If normal, `404 Not Found` will be returned (because root path doesn't exist).

## Troubleshooting

### Common Issues

1. **VOICEVOX Engine is not running**

   ```bash
   curl http://localhost:50021/speakers
   ```

2. **Audio is not playing**

   - Check system audio output device
   - Check platform-specific audio playback tools:
     - **Linux**: Requires one of `aplay`, `paplay`, `play`, `ffplay`
     - **macOS**: `afplay` (pre-installed)
     - **Windows**: PowerShell (pre-installed)

3. **Not recognized by MCP client**
   - Check package installation: `npm list -g @kajidog/mcp-tts-voicevox`
   - Check JSON syntax in configuration file

## License

ISC

[![MseeP.ai Security Assessment Badge](https://mseep.net/pr/kajidog-mcp-tts-voicevox-badge.png)](https://mseep.ai/app/kajidog-mcp-tts-voicevox)

## Developer Information

Instructions for developing this repository locally.

### Setup

1.  Clone the repository:
    ```bash
    git clone https://github.com/kajidog/mcp-tts-voicevox.git
    cd mcp-tts-voicevox
    ```
2.  Install [pnpm](https://pnpm.io/) (if not already installed).
3.  Install dependencies:
    ```bash
    pnpm install
    ```

### Main Development Commands

You can run the following commands in the project root.

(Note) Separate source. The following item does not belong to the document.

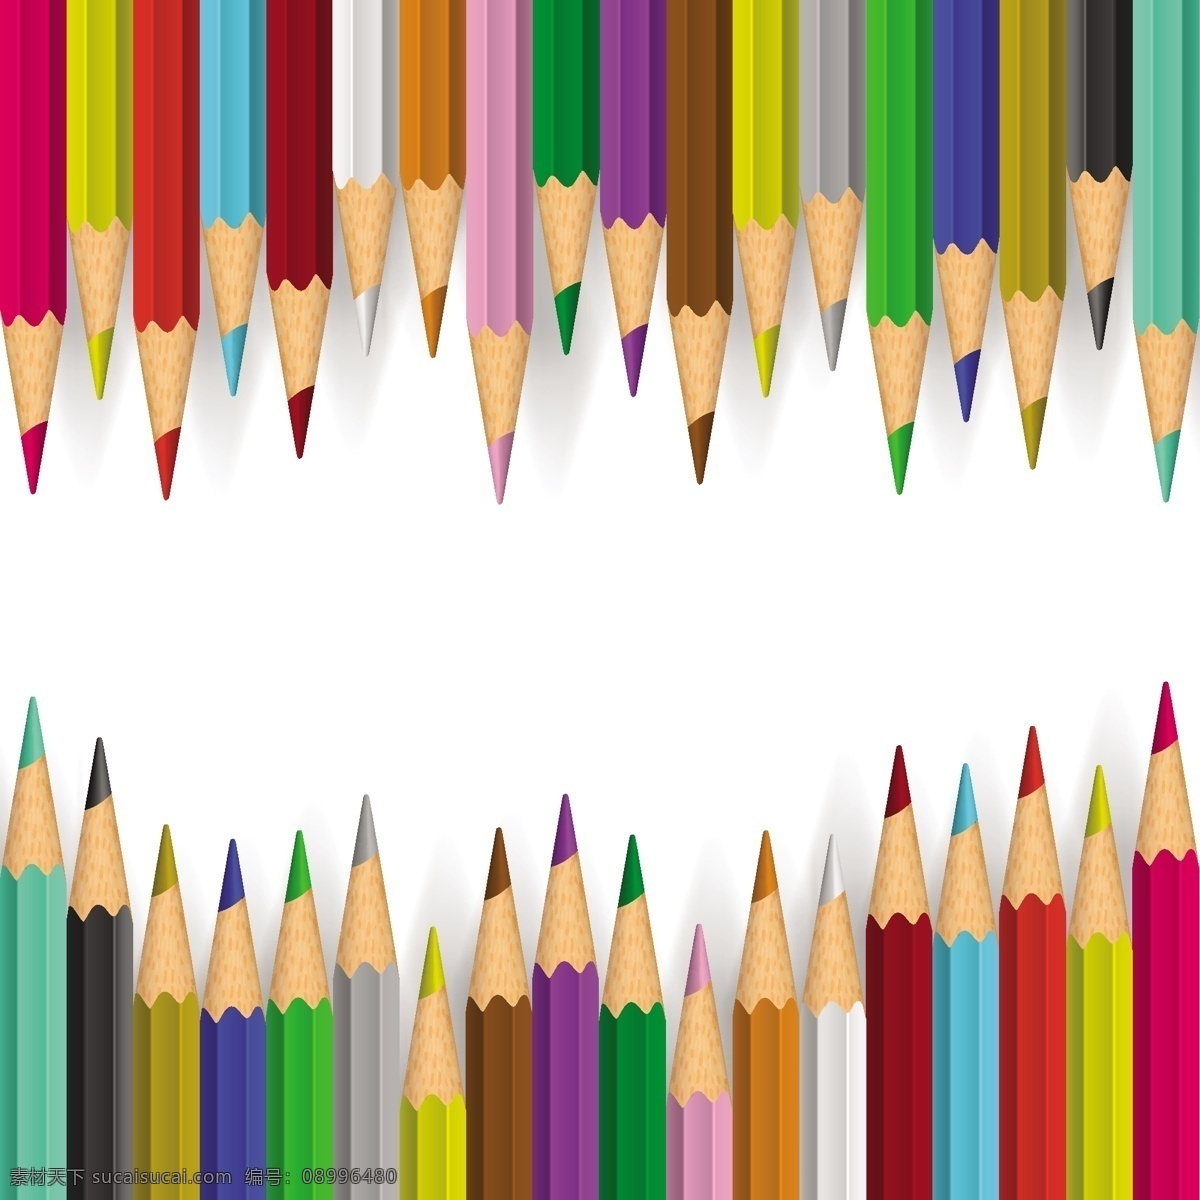 彩色画笔背景 彩色 画笔 铅笔 开学背景 新学期背景 文具 矢量 学习用品 开学素材 生活百科
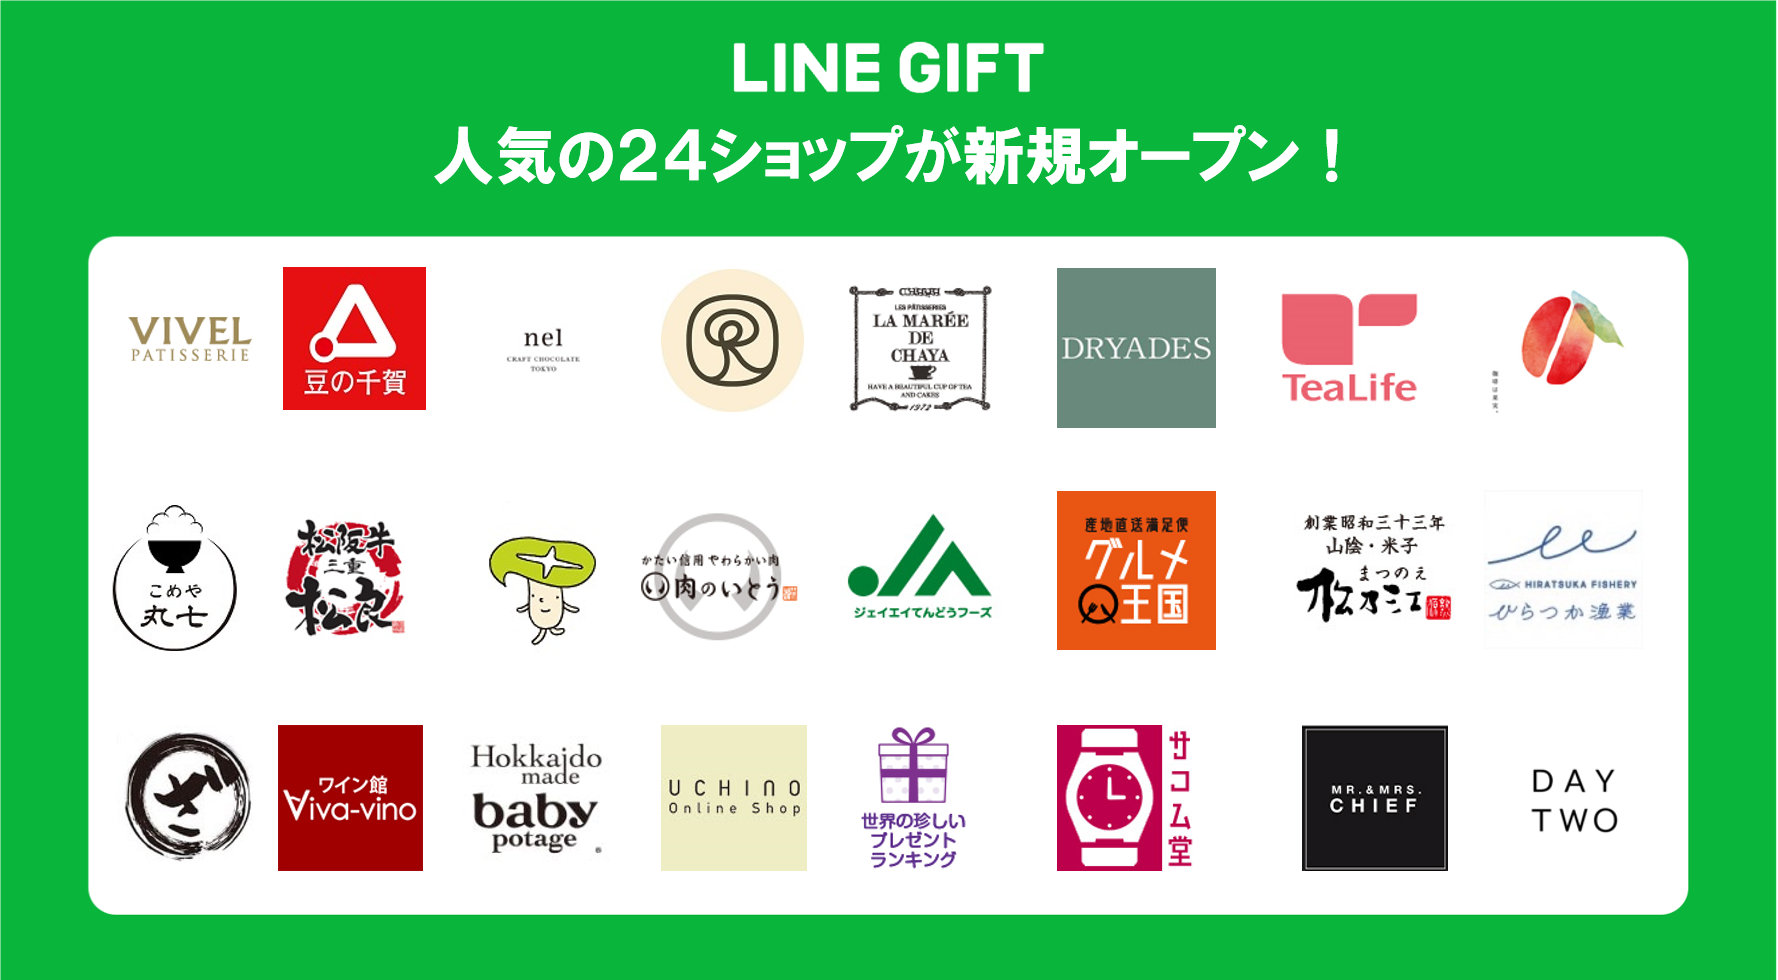 LINEギフトにUAE国内7つ星ホテルで使用される「VIVEL PATISSERIE」、日本で初めてタオルハンカチを発売した「UCHINO Online Shop」など人気の24ショップが新規オープンのサブ画像1

-   **Build all packages:**
    ```bash
    pnpm build
    ```
-   **Run all tests:**
    ```bash
    pnpm test
    ```
-   **Run all linters:**
    ```bash
    pnpm lint
    ```
-   **Start root server in development mode:**
    ```bash
    pnpm dev
    ```
-   **Start stdio interface in development mode:**
    ```bash
    pnpm dev:stdio
    ```

These commands will also properly handle processing for related packages within the workspace.